There is, as always, a lot of speculation from political commentators about what will be in this year’s Federal Budget .
Will the pension indexation be changed? Will there be a tax on multi-national profit shifting? Or will there be a tax on bank deposits?
But from the perspective of a data analyst, there is a more efficient way of predicting the contents of this year’s budget. We can simply look for patterns in previous budget speeches and make our forecast based on the probability of them happening again.
Helpfully, the last 19 years of budget second readings are available online. The most straightforward way to look at their contents is to look at the most frequently used words across that whole set of budgets read between 1996-1997 and 2014-2015.
Amongst the most frequently used words are, naturally, “Australia” and “Australian”, which is not particularly surprising. This is, after all, the Australian federal budget.
“New” also makes it into the top of the frequency list. This tells us something about what the budget is typically used for: the unveiling of new policy and funding objectives. So, despite claims that this year’s budget will be “dull and boring”, treasurer Joe Hockey will be breaking with a strong tradition if he announces that “next year, we’ll just keep doing the same thing as last year”.

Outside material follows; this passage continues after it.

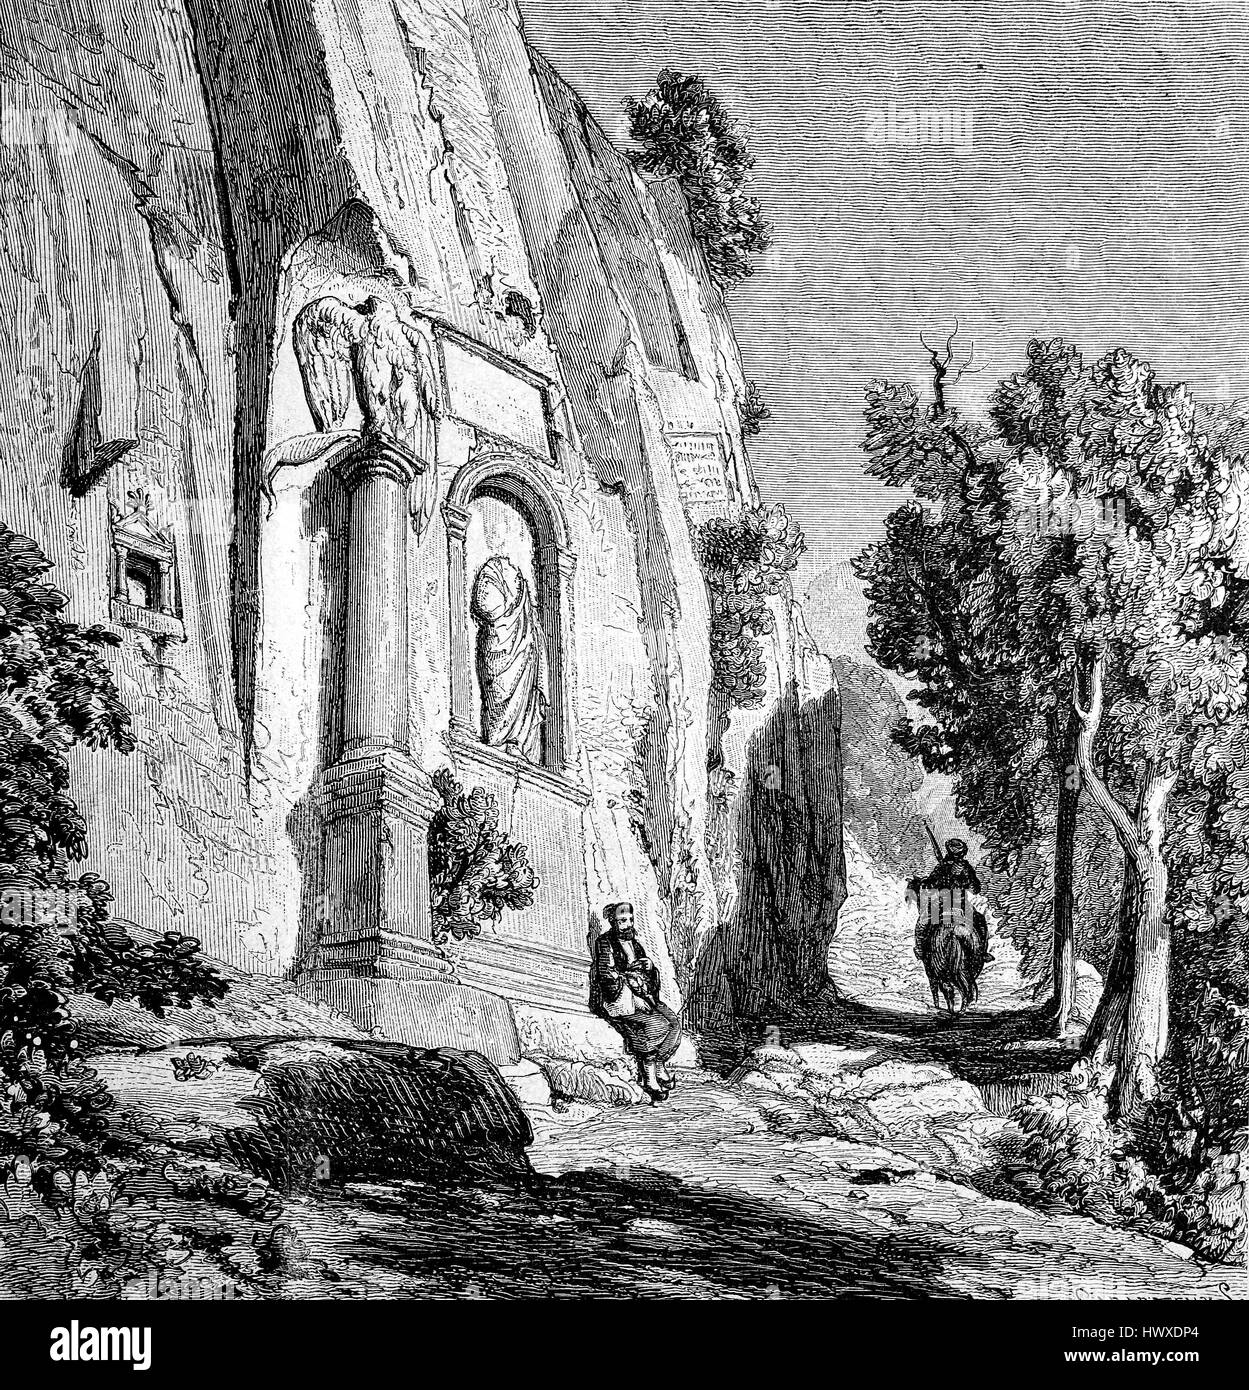 Ein Monument in Rock bei Amasserah, östlich von Römerstraße in Bithynien, Amasserah, Türkei Asien geschnitzt, Reproduktion eines Bildes, Holzschnitt aus dem Jahr 1881, digital verbessert Stockfoto

The focus on Australia and on novelty in the federal budget is in keeping with the patterns detected in successful Australian Research Council Grants.
The frequency with which individual words are used is interesting, but it misses some of the context regarding how the words are used. To gain some insight into this we can use an application of probability theory knows as bigrams. These are pairs of words that frequently occur in a set order.
Bigrams are one of the ways predictive text works on your phone. If you frequently text your romantic partner then your phone will learn that the word “love” is most likely followed by the word “you”. But if you more frequently text your ice cream vendor, then you phone will learn that the word “love” is most likely to be followed by the word “chocolate”.
Using the same approach to the budget second readings we can see that if the treasurer says “economic”, the most probable next word is “growth”. And if the treasurer says “aged”, the most probable next word is “care”.
It’s telling that at the top of the list is the bigram “Mr. Speaker”. This is because, like all speeches in the House of Representatives, the budget second reading is addressed to the speaker of the house. And, even though the 2013-14 and 2014-15 budgets were addressed to female speakers, the previous fourteen years of male honorifics made this bigram top the list.
But if we want to predict the contents of this years budget, what we really need to do is see how the bigrams that have been used have changed over time.
Looking through the bigrams, two really caught my eye. The phrases “million over” and “billion over” were both used frequently. Looking through the text of the speeches, these phrases are used in relation to the proposed spend on an initiative or the forecast deficit.
To divine if we are planning to spend more billions than millions, I looked at the trends over time.
And, indeed, we do seem to be spending more than ever. In the last budget delivered by the former Labor Government, the phrase “billion over” was mentioned four times, while “million over” wasn’t mentioned at all.
Let’s turn to the substance of the budget: the policy areas that are funded. In the figure below the rise and fall of four policy areas are charted by the number of mentions they warranted in the last nineteen budgets.
There are some interesting patterns, not just in changes over time, but in the different areas addressed by Liberal and Labor budgets. Firstly, it’s clear that Wayne Swan was the only treasurer to talk up climate change.
Interestingly, Swan also talked plenty about tax cuts. In the first Swan budget these cuts were the result of the Labor Party’s decision to match the coalition’s announcement of tax cuts during the election campaign.
Health care has seen its ups and downs as an area of policy focus across the last nineteen years, but was mentioned more times in Labor budgets. Small business has been talked about by treasurers from both sides of politics. This is consistent with the political importance of small business to both sides politics.
Finally, no analysis of the bigrams used in budget speeches would be complete without a look back at one of the most infamous pairs of words used by a federal treasurer.
In 2008, Wayne Swan seemed to fixate on the term “working families”. Despite no clear definition of what it meant, he used it repeatedly. This reached a high point at the 2008-’09 budget speech, in which he used the phrase 16 times.
Interestingly, despite ridicule by multiple commentators, the phrase wasn’t completely dropped, but had small echoes in 2010-’11 and 2012-’13. This can be compared to the less jargon-laden “income earners” which has been used be treasurers from both sides of politics over the years.
So, lets make our predictions. These data suggest that this year’s budget will include much that is “new”. It will talk mostly about “Australia”, and it will definitely not mention “working families”. Beyond that, it’s up to the pundits to pick what will likely be announced.